My doc went on to politely explain how they prioritize psych cases according to other health conditions.  I'm at the Fenway now, and HIV+ and addicts get priority, he told me — which made me feel guilty for thinking I had problems — and then people in the neighborhood — which had me calculating which would be costlier, a studio in the Fenway, or my sanity? 

But I'm an optimist, as you can tell.  So I asked him: "whaddya got there's not a wait-list for?"

Well, he slapped on those latex gloves.  It was my lucky day.  They were apparently having a two-for-one special on prostate exams.  Perked me right up, I have to say.

One or two of those a day: better than Prozac.

Truth is, there's nothing wrong with my prostate or my Prozac.  It's boredom, again.  Boredom is the obesity of the mental health field.  I mean, I think as with obesity, people suspect it's nobody's fault but your own if you're bored.  Sitting around overstuffing yourself with stimuli.
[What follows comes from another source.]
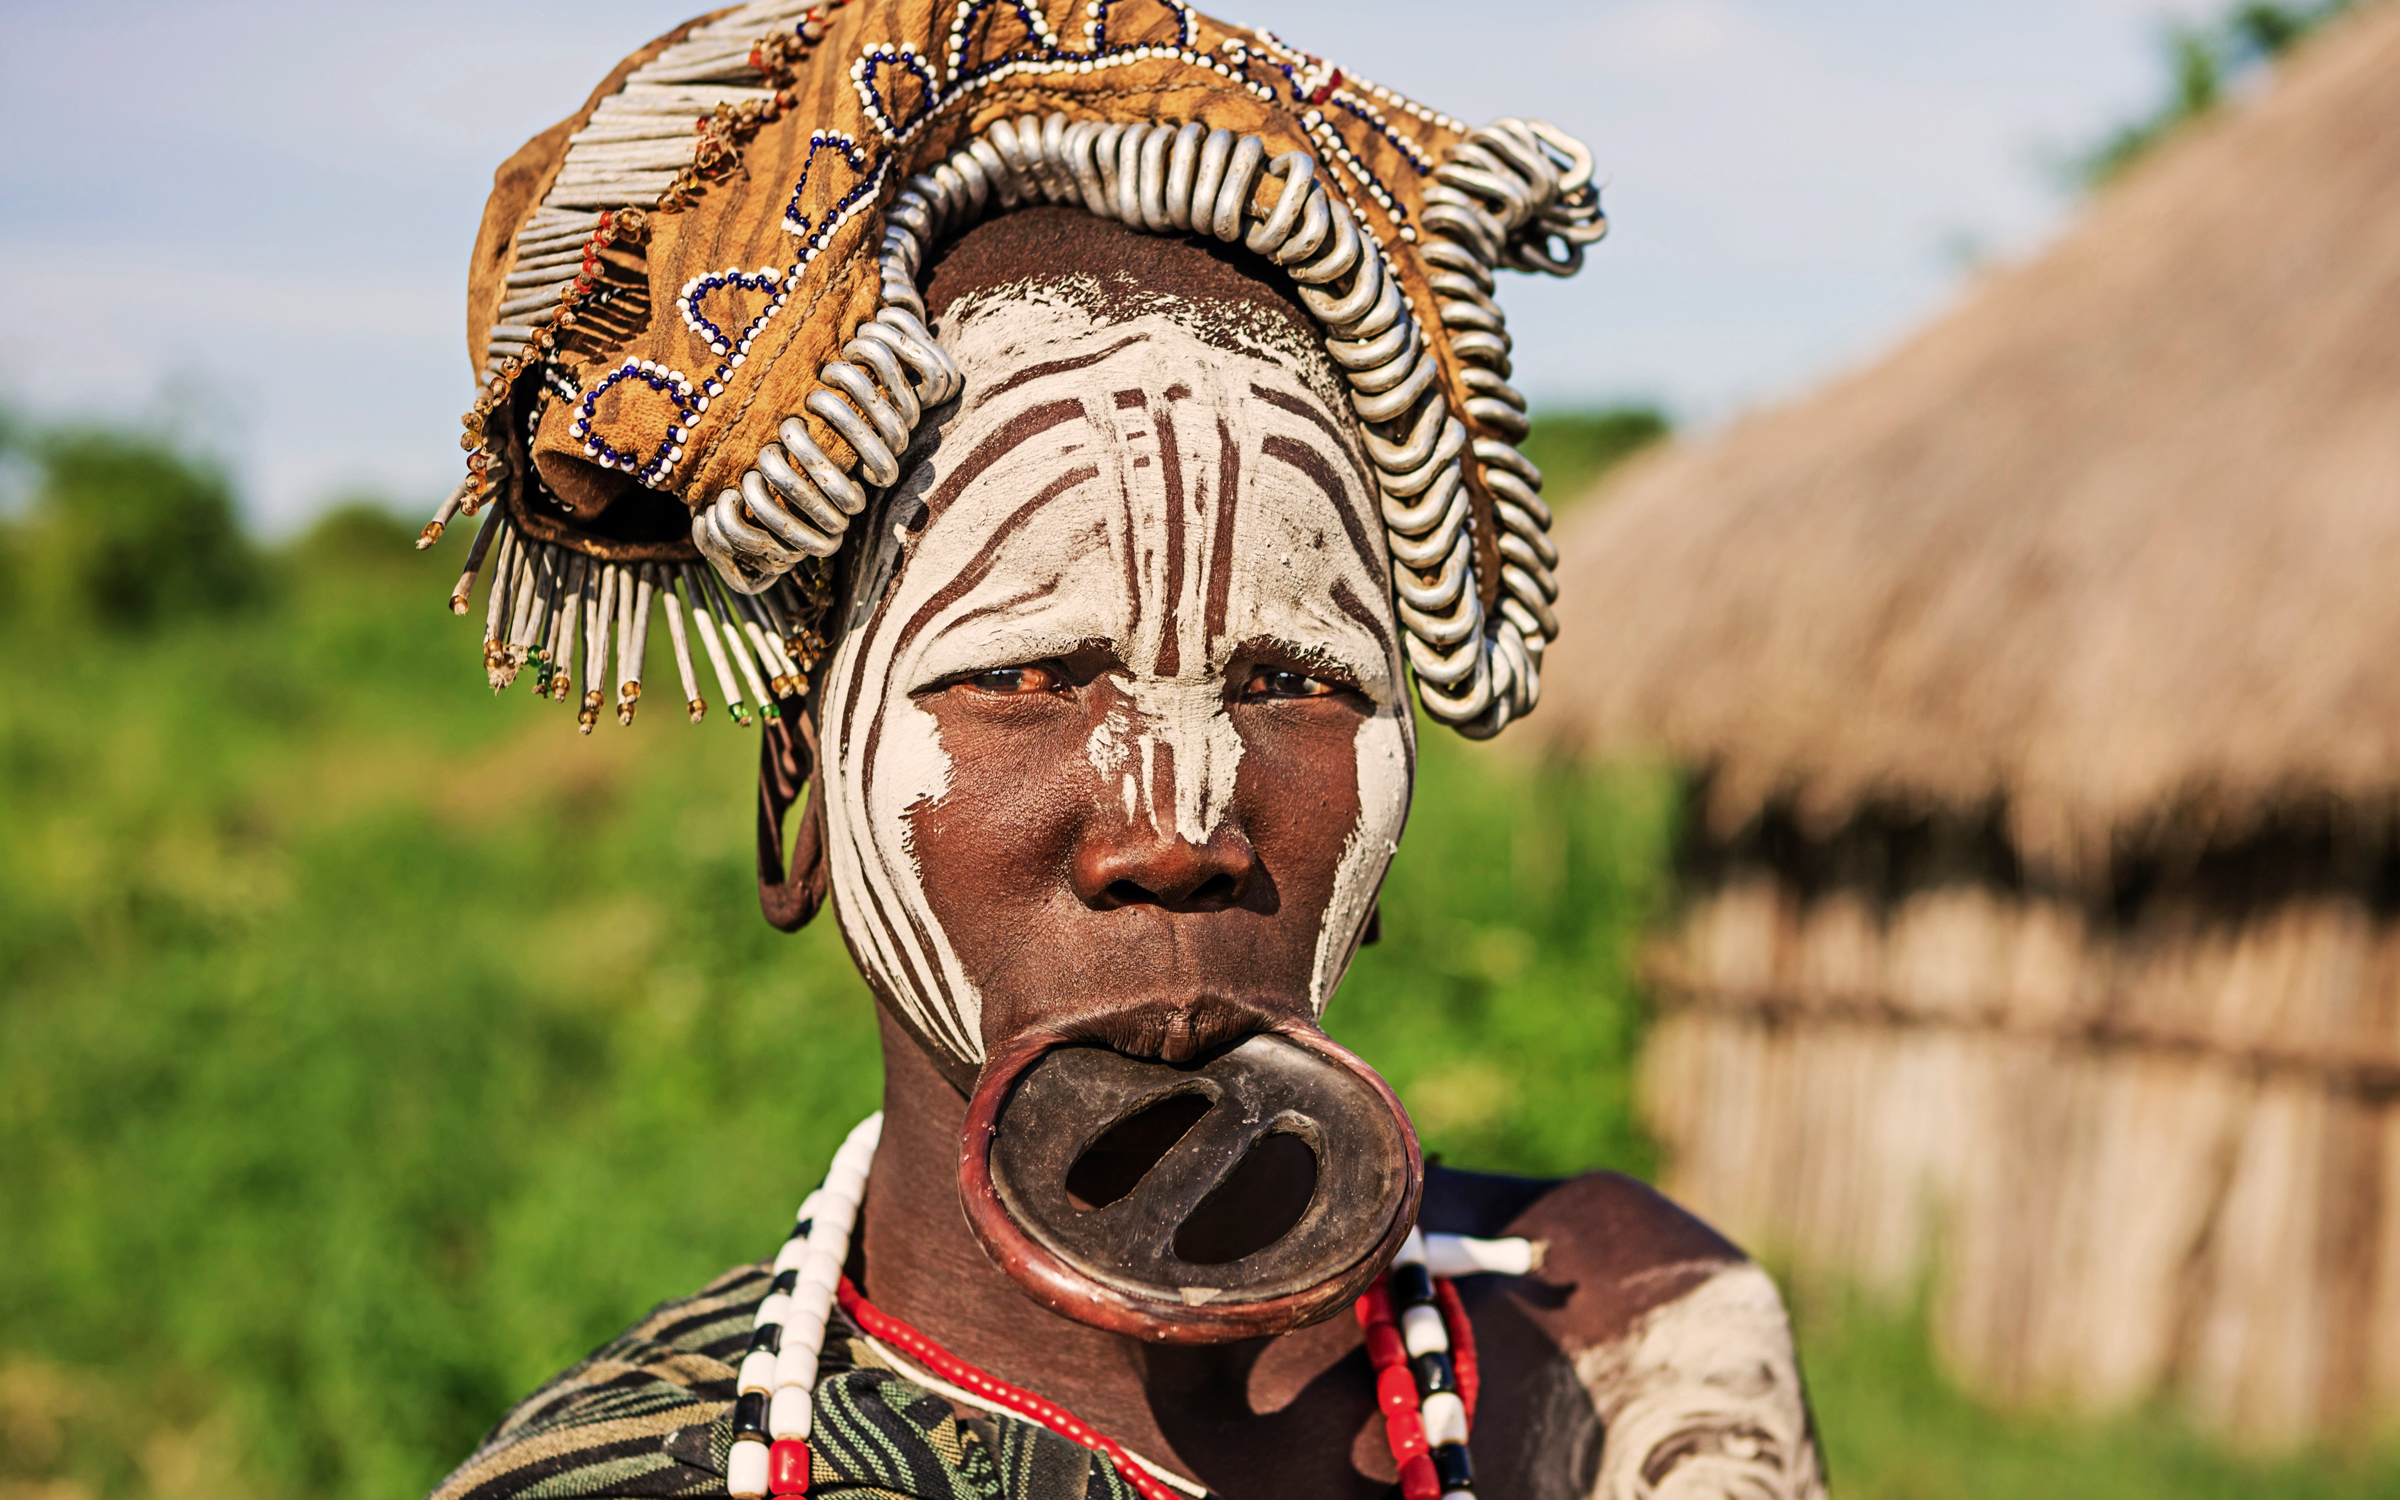 Mursi woman with lip plate - Southern Tribes and Trails of Ethiopia

And the reaction you get is certainly similar.  Basically: "Get up off your lazy mental ass and do something!" 

But just like you've got morbid obesity, there's a kind of boredom that's profound, and hard to motivate your way out of (while maintaining a reasonable standard of living at least).  Because the kernel of it is the recognition of the futility of anything you can come up with to alleviate it.  In a sense, then, you could call this profound boredom morbid as well.  Everything you can think of that might occupy you leads you to the same conclusion: nothing matters. 

Of course, when you're not bored near to death, you know that the truth is just the opposite.  Everything matters.  Everything.  It's huge.  Beautiful.  And equally maddening.  You want to scoop up every moment.  But they're like grains of sand.  There are too many. 

I'm no rocket scientist, but the common denominator seems to be futility.

Some combination of stubborn denial and vigorous activity seems to assuage the symptoms, but the disease remains. 

It's time.  Time is the disease.  And there's only one cure.

Like the Stoics say you should, I think about it a little every day.  Seneca says we should "rehearse death".  "To say this," he says, "is to tell a person to rehearse his freedom."  The future is a fluke of our imagination.  It doesn't exist.  But it is an ingenious repository for hopes and fears, a pandora's box with everything that won't fit into the present stuffed inside and ready to burst out and wreak havoc.  But death isn't freedom.  That's not what the Stoics are saying.  Freedom is now. 

But getting to now is not easy.  And it's not cheap these days.  There's a wait list.  And sometimes you just don't have the time for it.